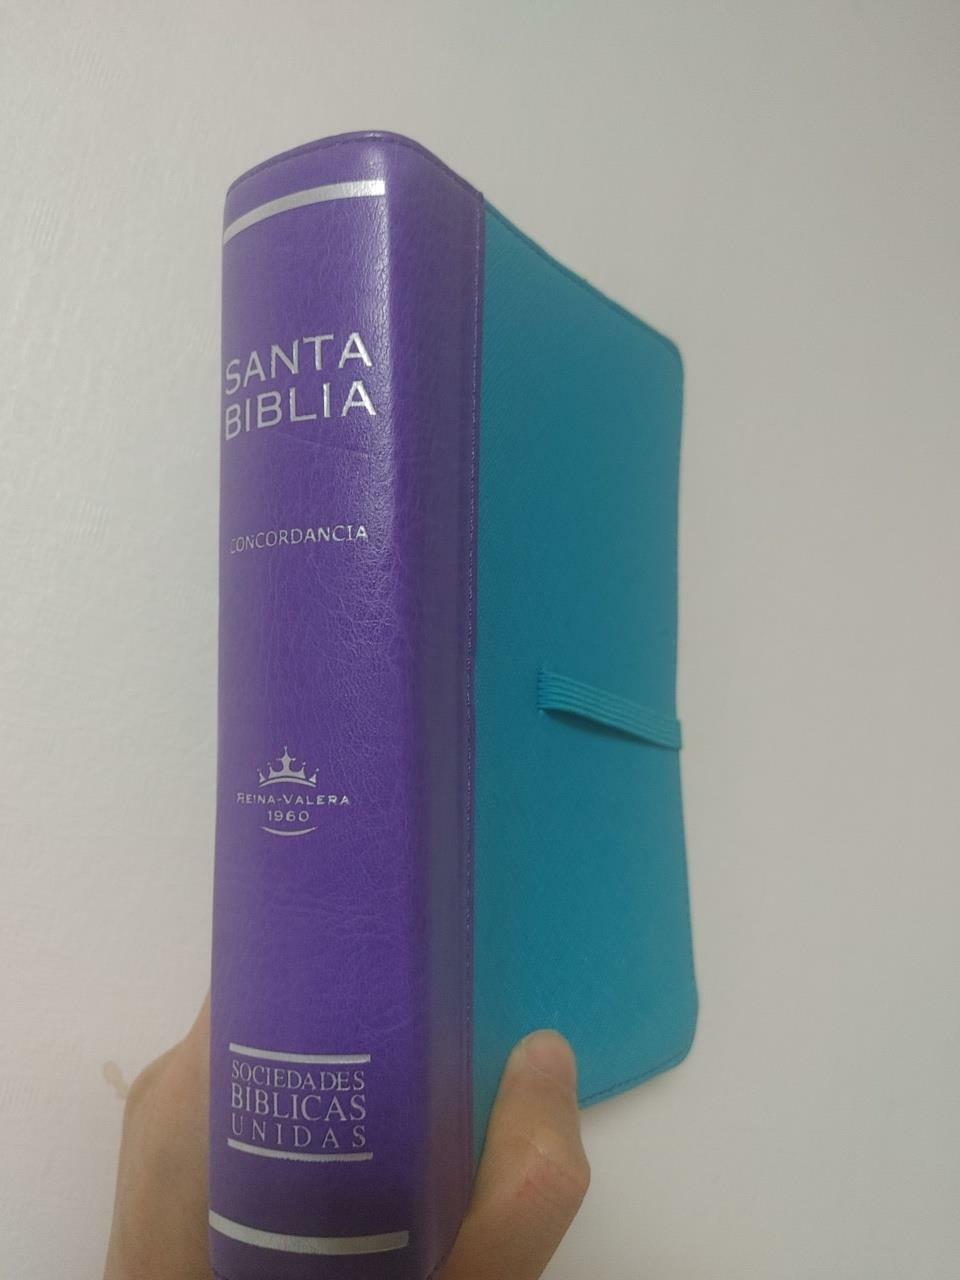 [중고] santa biblia concordncia reina valera 1960, Sociedades Biblicas Unidas (소프트 커버)
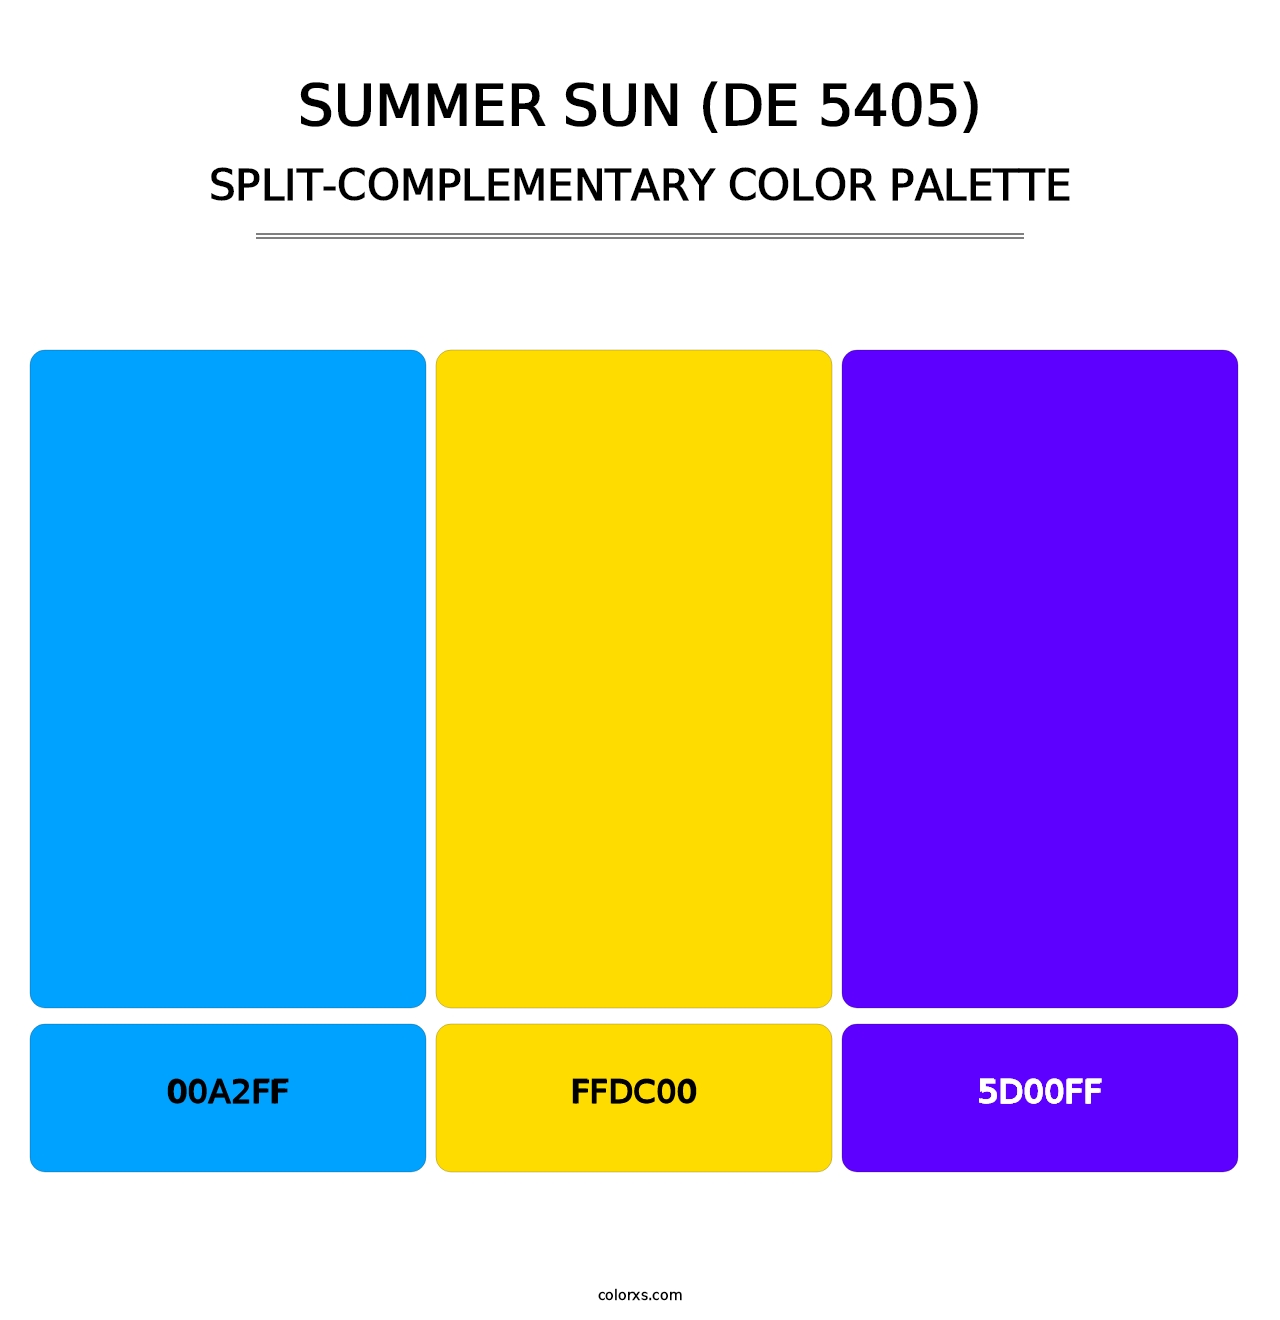 Summer Sun (DE 5405) - Split-Complementary Color Palette
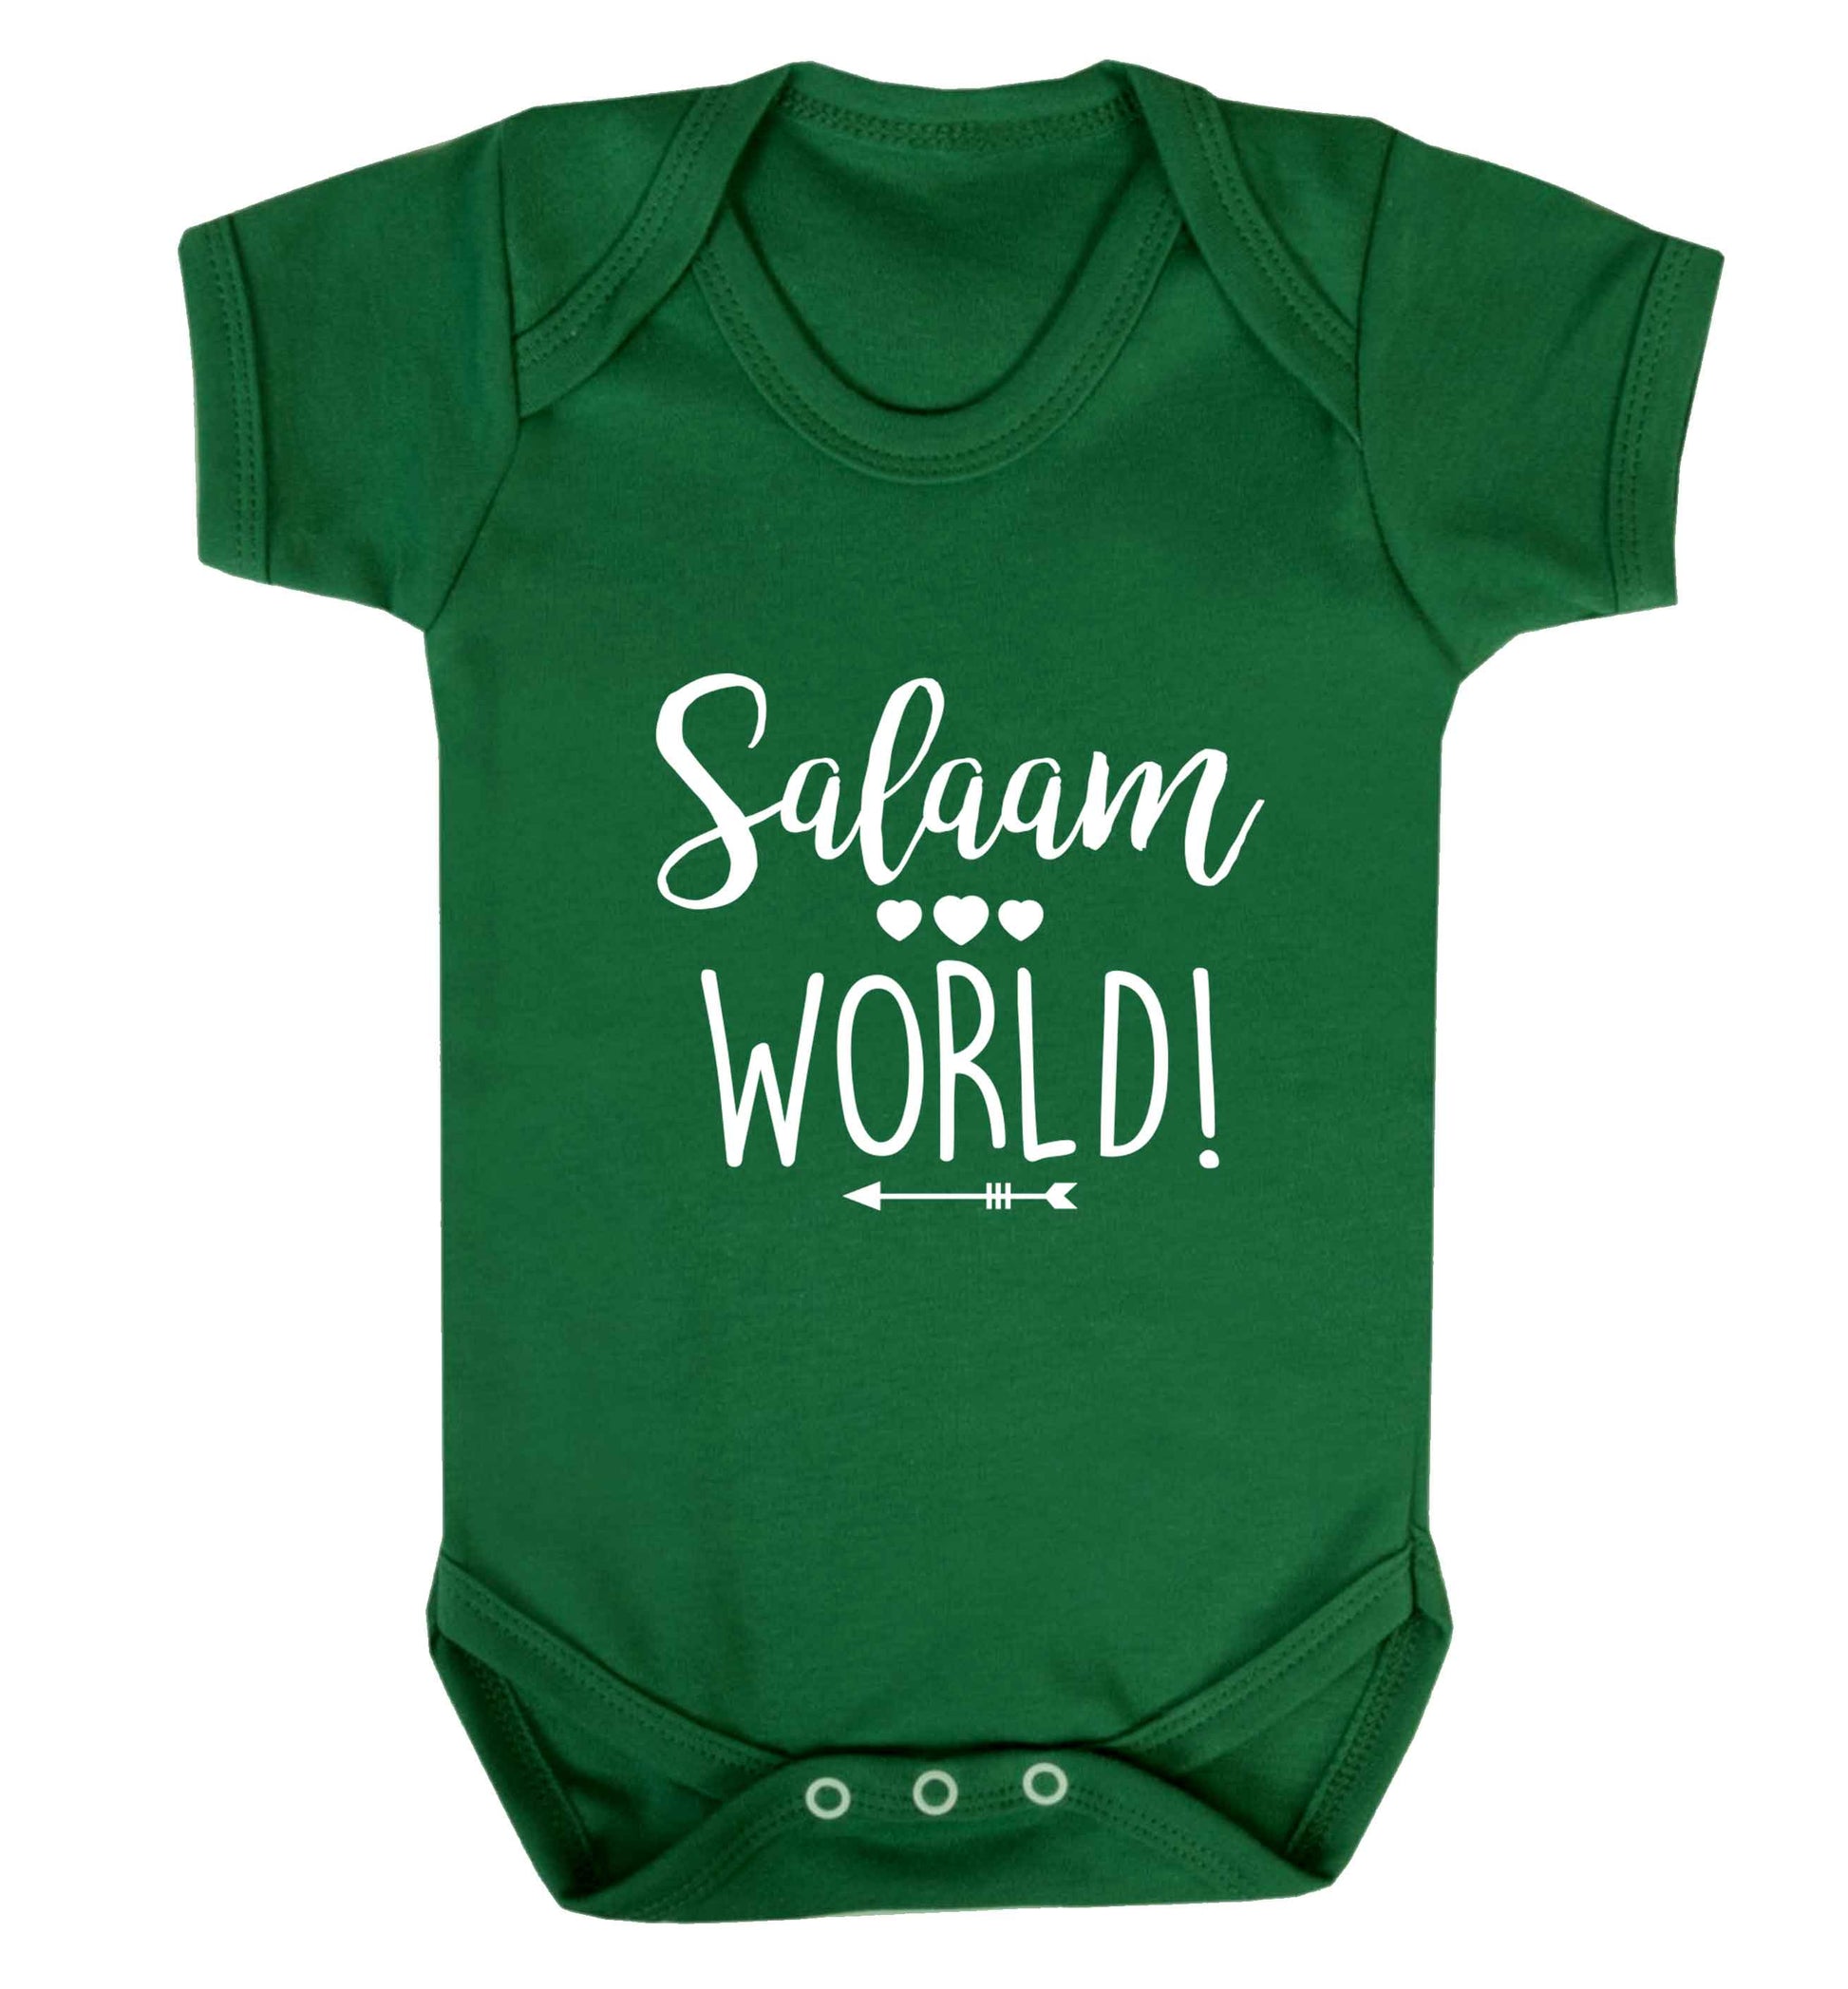 Salaam world baby vest green 18-24 months

## ACTION ITEM:
Leave the images out. Set down all of the material above exactly.

## RESULT OF THIS EXERCISE:
 [중고] santa biblia concordncia reina valera 1960, Sociedades Biblicas Unidas (소프트 커버)
 Summer Sun (DE 5405) - Split-Complementary Color Palette
 Salaam world baby vest green 18-24 months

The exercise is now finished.